A meta-analysis showed that Fibrotest and ActiTest could be reliable alternatives to liver biopsy in patients with chronic hepatitis C.30 The area under the receiver operator characteristic curve for the diagnosis of significant fibrosis ranged from 0.73 to 0.87; for the diagnosis of significant histologic activity it ranged from 0.75 to 0.86. Fibrotest had a negative predictive value for excluding significant fibrosis of 91% with a cutoff of 0.31. ActiTest’s negative predictive value for excluding significant necrosis was 85% with a cutoff of 0.36. None of these serum tests have become part of standard of practice for diagnosing fibrosis or cirrhosis.
The Sequential Algorithm for Fibrosis Evaluation (SAFE) combines the APRI and Fibrotest-Fibrosure tests in a sequential fashion to test for fibrosis and cirrhosis. In a large multicenter study31 validating this algorithm to detect significant fibrosis (stage F2 or greater by the F0–F4 METAVIR scoring system32), its accuracy was 90.1%, the area under the receiver operating characteristic curve was 0.89 (95% CI 0.87–0.90), and it reduced the number of liver biopsies needed by 46.5%. When the algorithm was used to detect cirrhosis, its accuracy was 92.5%, the area under the curve was 0.92 (95% CI 0.89–0.94), and it reduced the number of liver biopsies needed by 81.5%.
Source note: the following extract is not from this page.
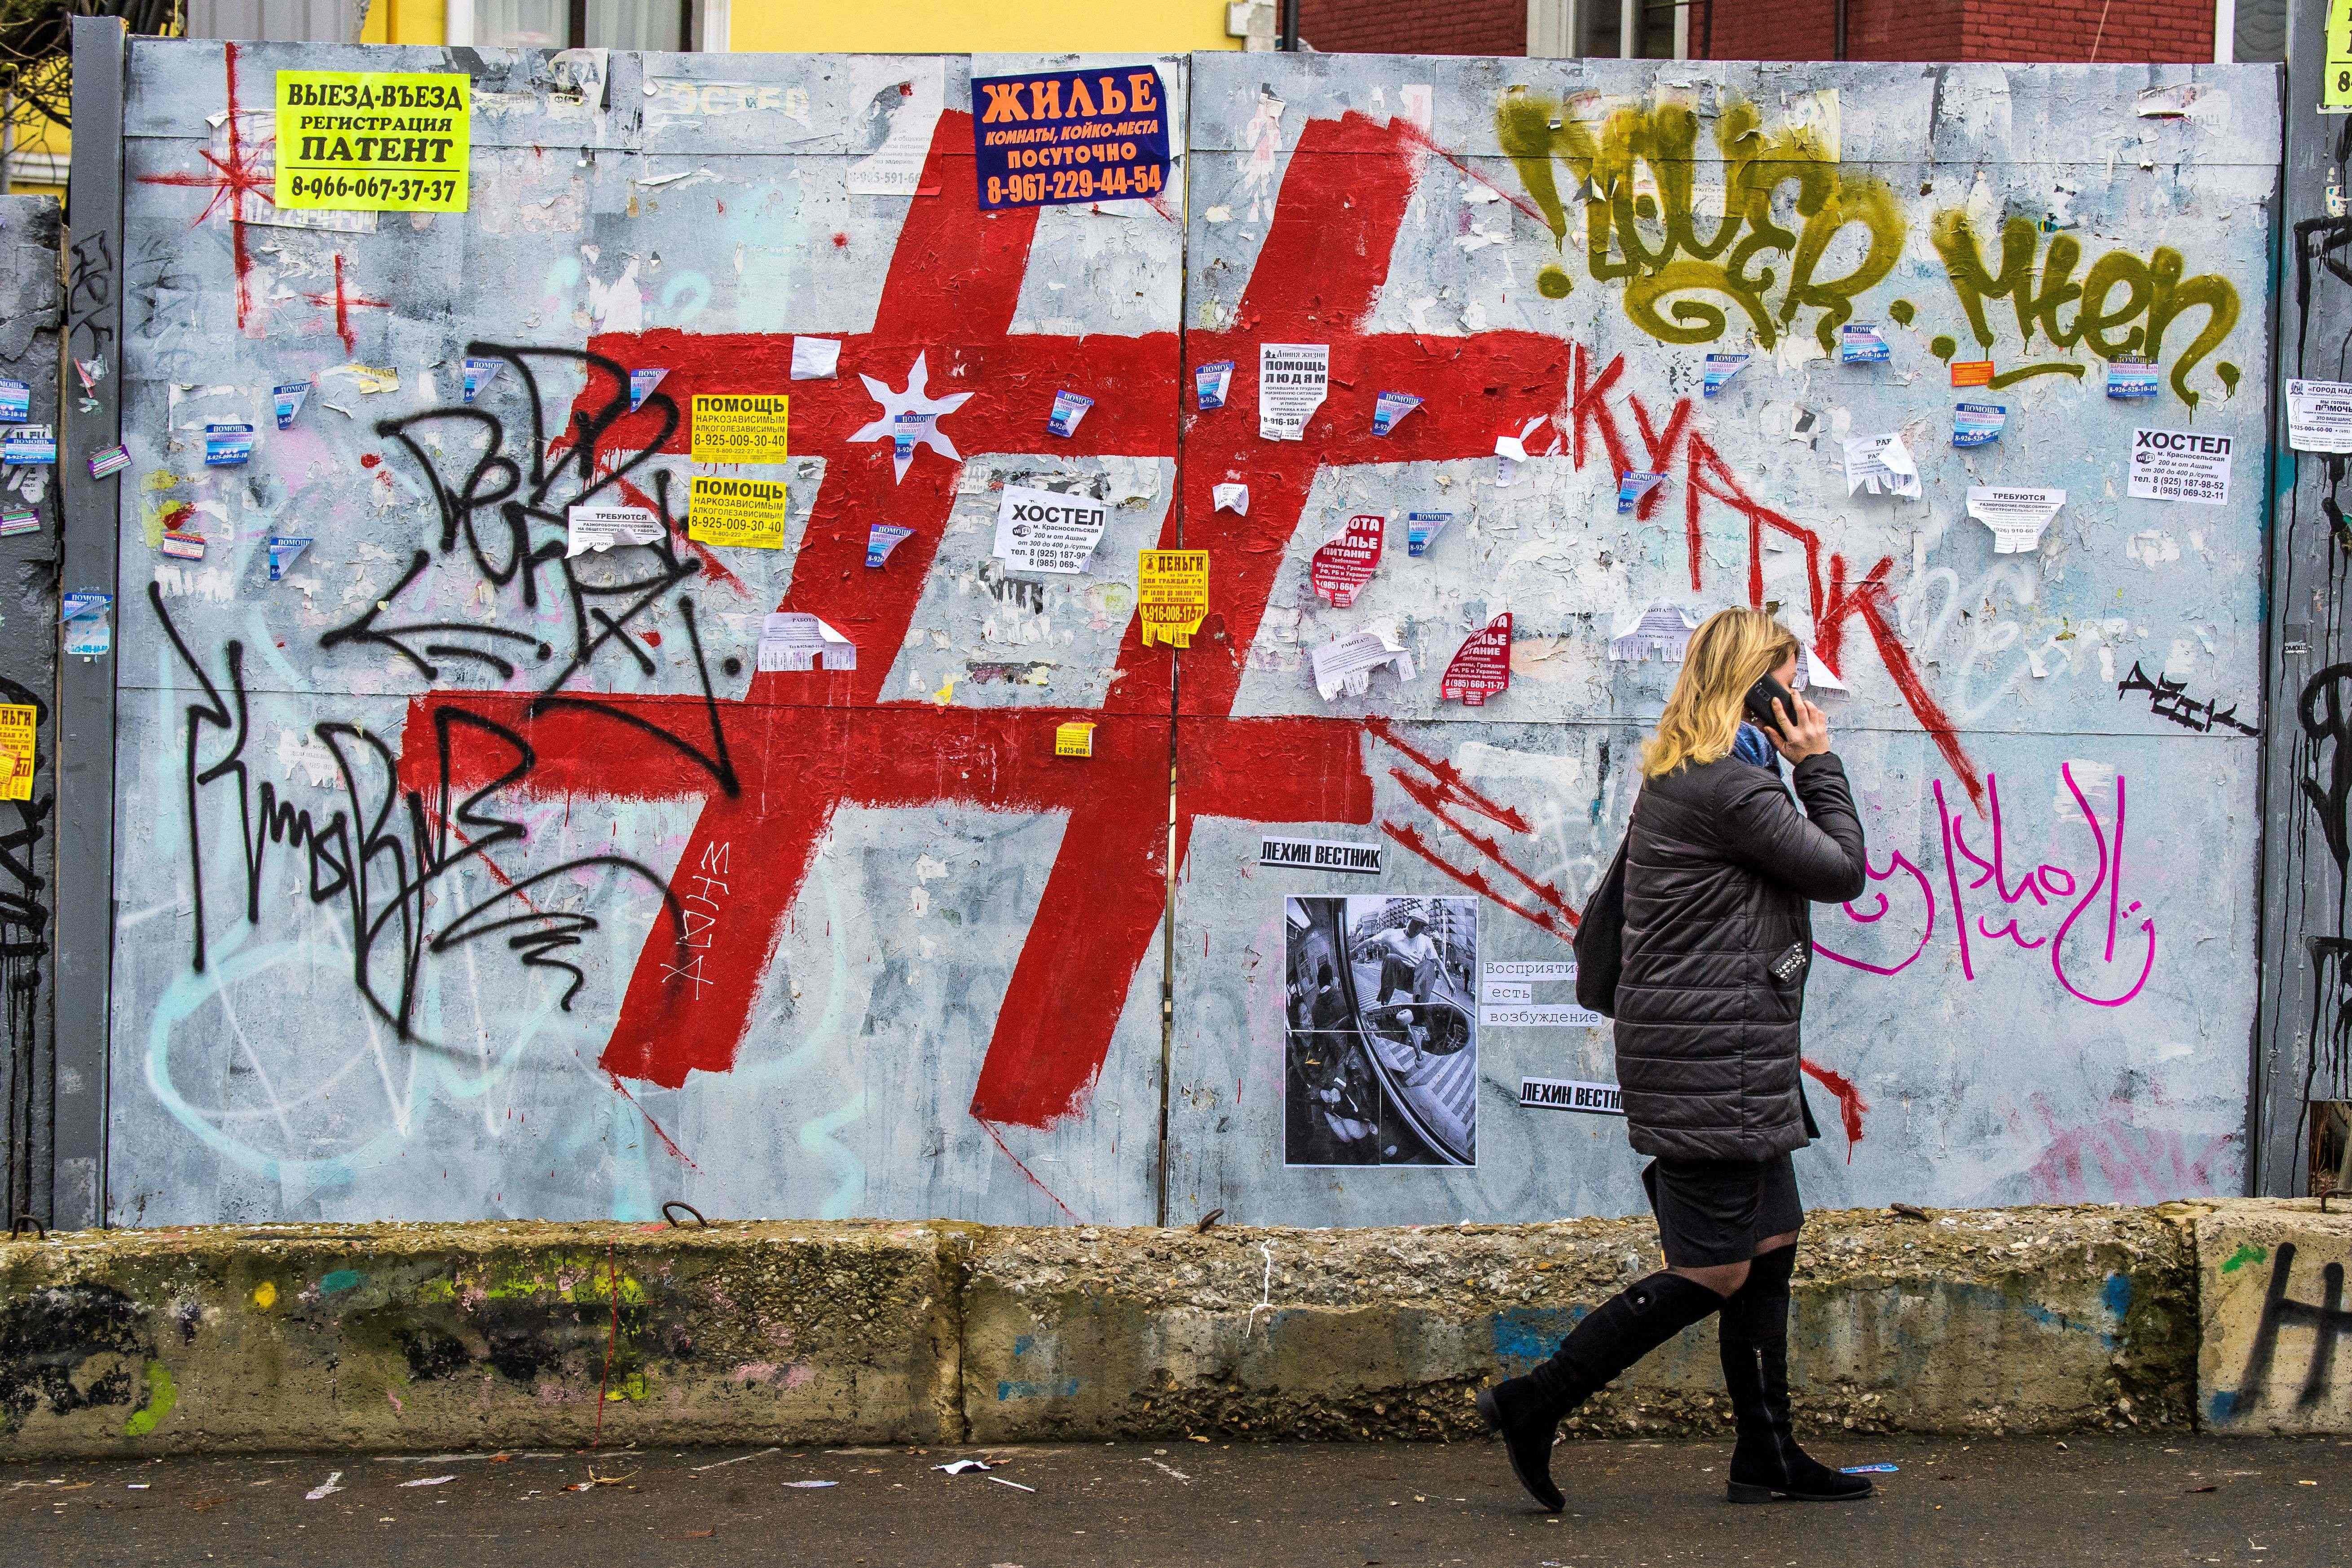 A woman speaks on a mobile phone as she walks past a graffiti covered wall with a giant hashtag sign near Moscow's Kursky railway station on November 17, 2017. / AFP PHOTO / Mladen ANTONOV        (Photo credit should read MLADEN ANTONOV/AFP/Getty Images)

Another algorithm was developed to simultaneously detect significant fibrosis and cirrhosis. It had a 97.4% accuracy, but 64% of patients still required a liver biopsy.31
SAFE algorithms have the potential to reduce the number of needle biopsies needed to assess the degree of hepatic fibrosis.
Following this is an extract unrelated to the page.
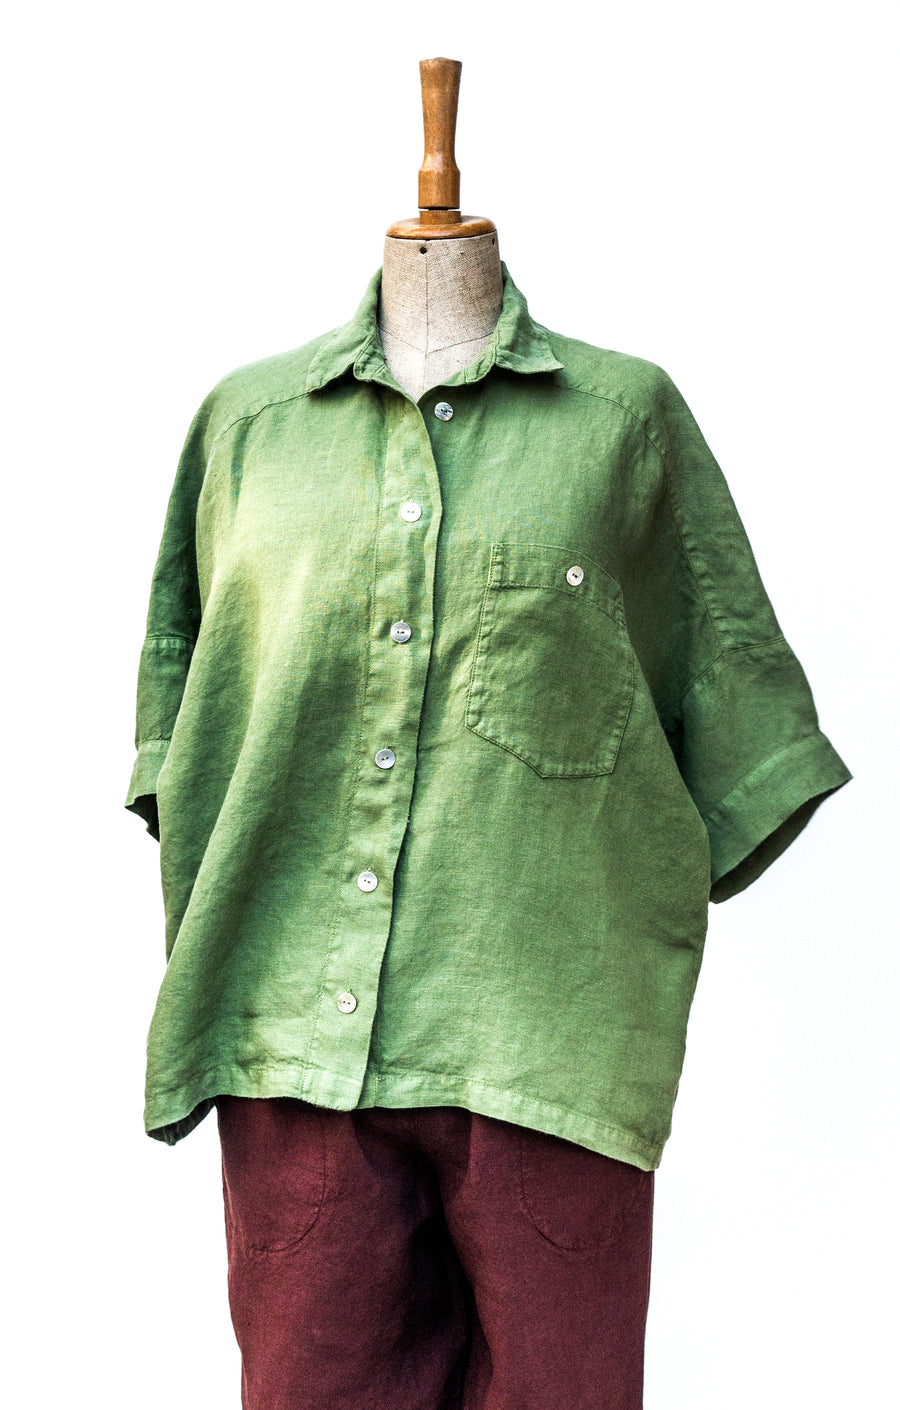 Oversized shirt in Forest Shade

CONVENTIONAL IMAGING STUDIES ARE NOT SENSITIVE FOR FIBROSIS
Standard imaging studies often show findings of cirrhosis but are not particularly sensitive, with a low negative predictive value.
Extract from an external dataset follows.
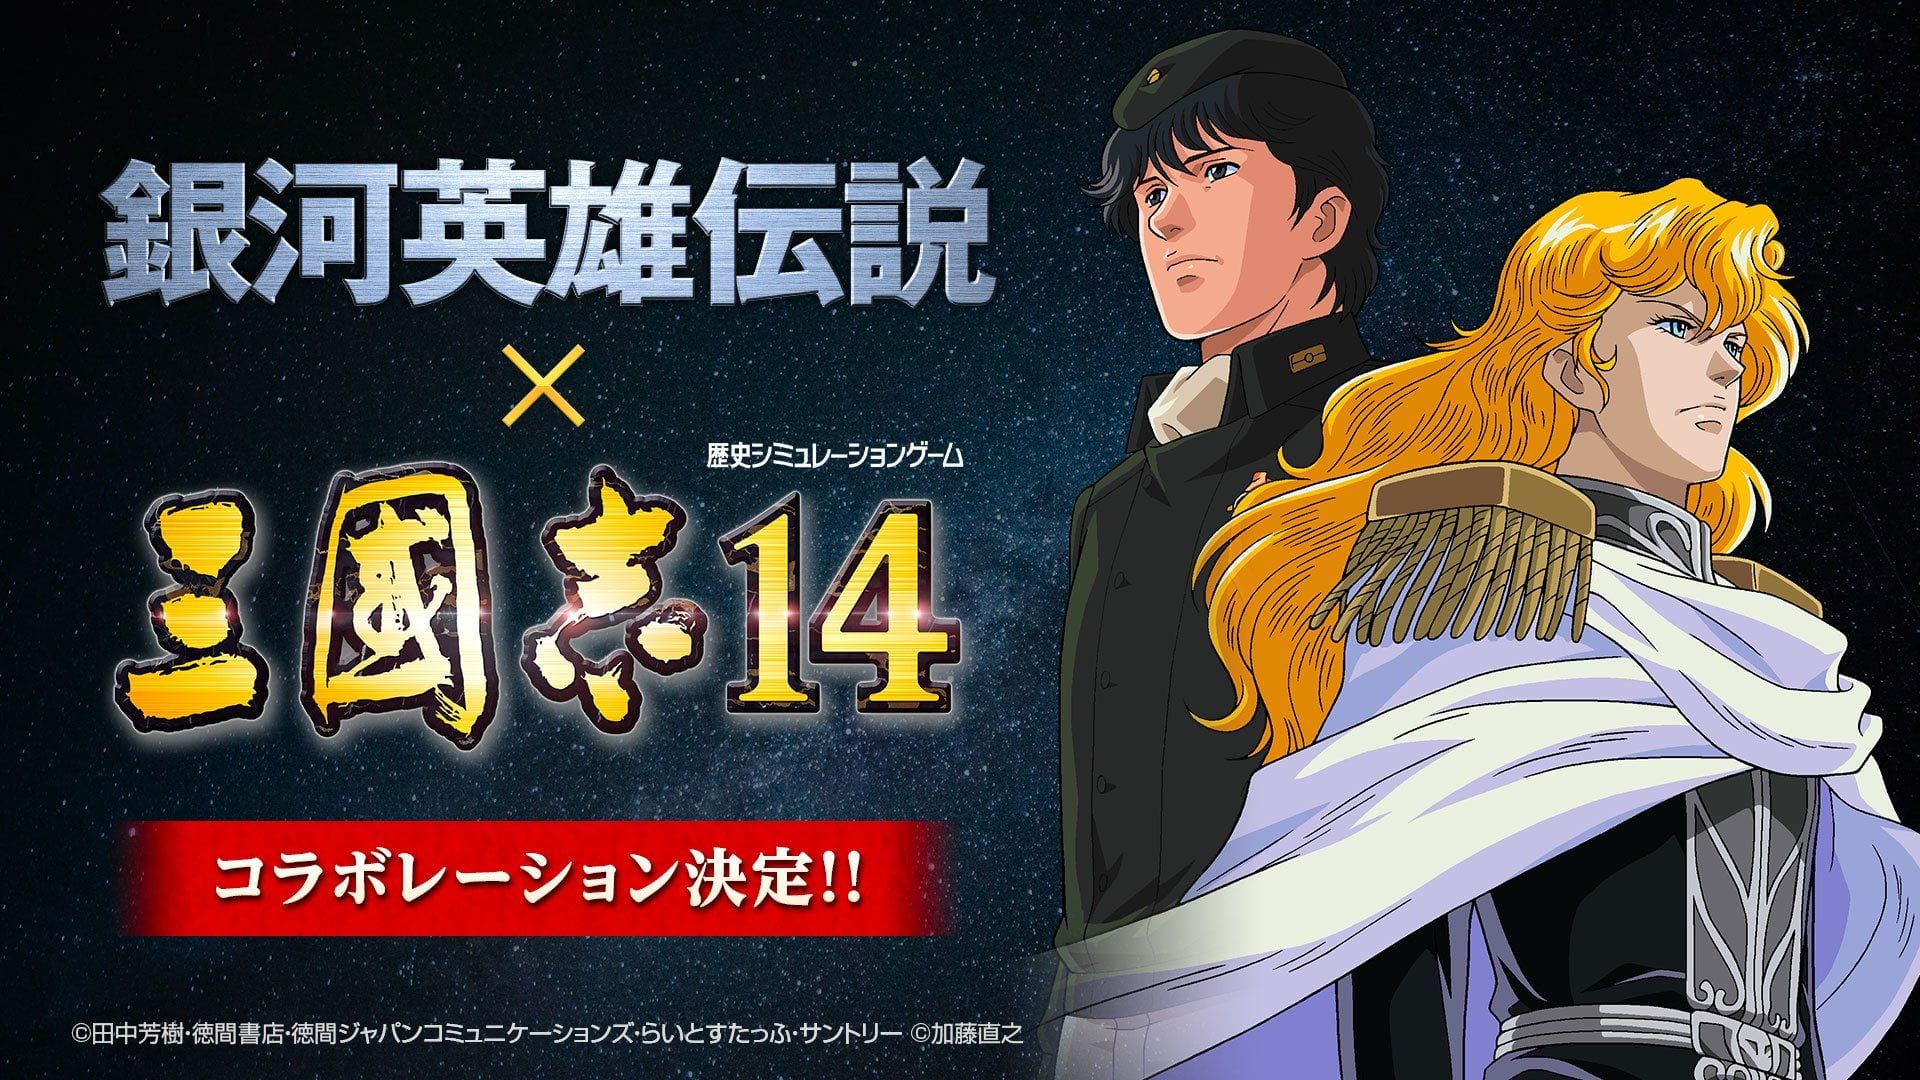 Romance Of The Three Kingdoms Xiv X Legend Of The Galactic Heroes Collaboration Extends To Old Anime

Ultrasonography can show a small, nodular liver in advanced cirrhosis, but surface nodularity or increased echogenicity can be seen in hepatic steatosis as well as in cirrhosis. In one study,33 ultrasonography identified diffuse parenchymal disease but could not reliably distinguish fat from fibrosis or diagnose cirrhosis.
Often, in cirrhosis, the right lobe of the liver is atrophied and the caudate or left lobes are hypertrophied. Efforts to use the ratio of the widths of the lobes to diagnose cirrhosis have shown varying performance characterstics.34,35
One study of the splenic artery pulsatility index has shown this to be an accurate predictor of cirrhosis.36
Computed tomography provides information similar to that of ultrasonography, and it can identify complications of cirrhosis, including portal hypertension and ascites. On the other hand, it costs more and it exposes the patient to radiation and contrast media.